The mother is due before a judge on Monday after officers launched a formal complaint referring her to social services for endangering the youngster.


----------



## SeaBreeze (Dec 27, 2021)

hollydolly said:


> Now it's getting beyond a joke...... whose more to blame for this.. ( I say the mother..for taking the baby on a demonstration)


I completely agree Holly.  As soon as I read your thread title, I thought, what the hell is she doing taking a young child to a demonstration.  Geeze, so sad that these young kids and babies who are helpless and dependent on their parents, are stuck with irresponsible idiots. Can't fix stupid.


----------



## Jeni (Dec 27, 2021)

I think many ask why do these parents take kids into a situation that could have results like this.

If you ask what happens is people attack you for not understanding................. perhaps she had childcare issues ..... then perhaps she should have stayed home as well.  The fact is some parents USE their child ... take them as a shield .........


----------



## John cycling (Dec 27, 2021)

I agree with not taking a child to protest about anything.  It's best to be compliant and not to say anything.
Just obey and go about your business like nothing is happening, and like you agree with all the atrocities taking place.
But actually we don't know.  Maybe that IS what she was doing, they sprayed them anyway and said they were protesting.
Heck, I'd protest if they were spraying me too.  Get that stuff away from me!!!

But to say that police pepper spraying was an accident???  Anyone who says that is completely delusional.  
Obviously they knew they were pepper spraying people including the children, which is why they were using it.  
Police do that all the time when people are getting together.  It is standard operating procedure for them, NOT an accident.
They should NOT be spraying pepper spray onto people!!!!  Especially not on people simply having a peaceful demonstration.

The police sprayed the child - then said it's the Mother's fault - that the police sprayed the child.
How freaking ridiculous is that!!!
The police are the ones who committed the crime, not the Mother, not the child.


----------



## Alice November (Dec 27, 2021)

Police know how to use their weapons, the child and Mother are victms.


----------



## Becky1951 (Dec 27, 2021)

By now everyone knows a peaceful protest can turn deadly in an instant.

Children should never be taken into any dangerous situation.
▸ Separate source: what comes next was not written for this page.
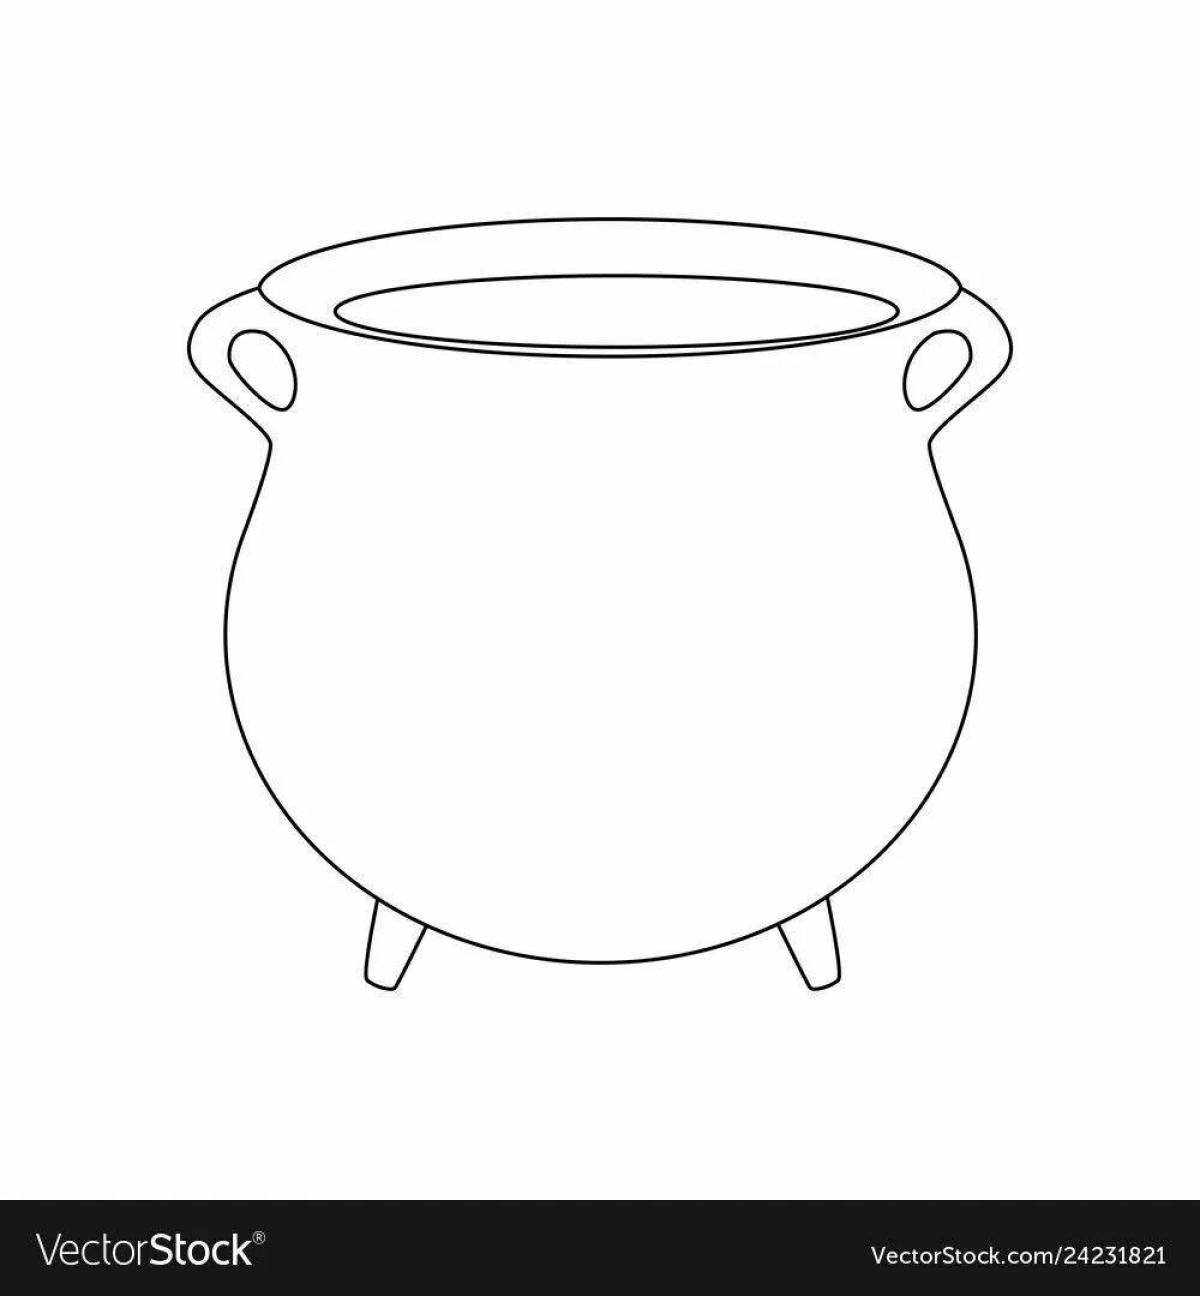 Luminous cast iron coloring page

The mother was negligent in the well being of her child.


----------



## Mizmo (Dec 27, 2021)

Children have no place in protests gatherings of any kind.
As we have seen many times, gathering can become nasty, accidents do happen and parents are well aware of this.


----------



## rgp (Dec 27, 2021)

Becky1951 said:


> By now everyone knows a peaceful protest can turn deadly in an instant.
> 
> Children should never be taken into any dangerous situation.
> 
> The mother was negligent in the well being of her child.




  Agree here !


----------



## Capt Lightning (Dec 27, 2021)

A peaceful demonstration by "protesters who punched, kicked and spat on them" (the police).  They got what they deserved and the mother was  negligent.


----------



## Butterfly (Dec 30, 2021)

SeaBreeze said:


> I completely agree Holly.  As soon as I read your thread title, I thought, what the hell is she doing taking a young child to a demonstration.  Geeze, so sad that these young kids and babies who are helpless and dependent on their parents, are stuck with irresponsible idiots. Can't fix stupid.


Me, too!  What in the world would anyone be thinking to take a small child to something like a protest??   Boggles the mind.


----------



## Tish (Dec 30, 2021)

Who in their right mind would take a child to a dangerous demonstration?
God, that really pi$$e$ me off!


----------



## Alice November (Dec 30, 2021)

She probably was not in her right mind. Police should practice care when aiming into crowds, they know how to use those weapons and are responsible. It is the people behind the weapons that are pulling the triggers and doing the aiming, not the unarmed civilians. All people make mistakes but our police are there to protect the population, the have to take the utmost care. Also they, the police,  should usually have protective gear on and helmets hats and masks. Probably the civilans should too if this keeps up?
  🕊


----------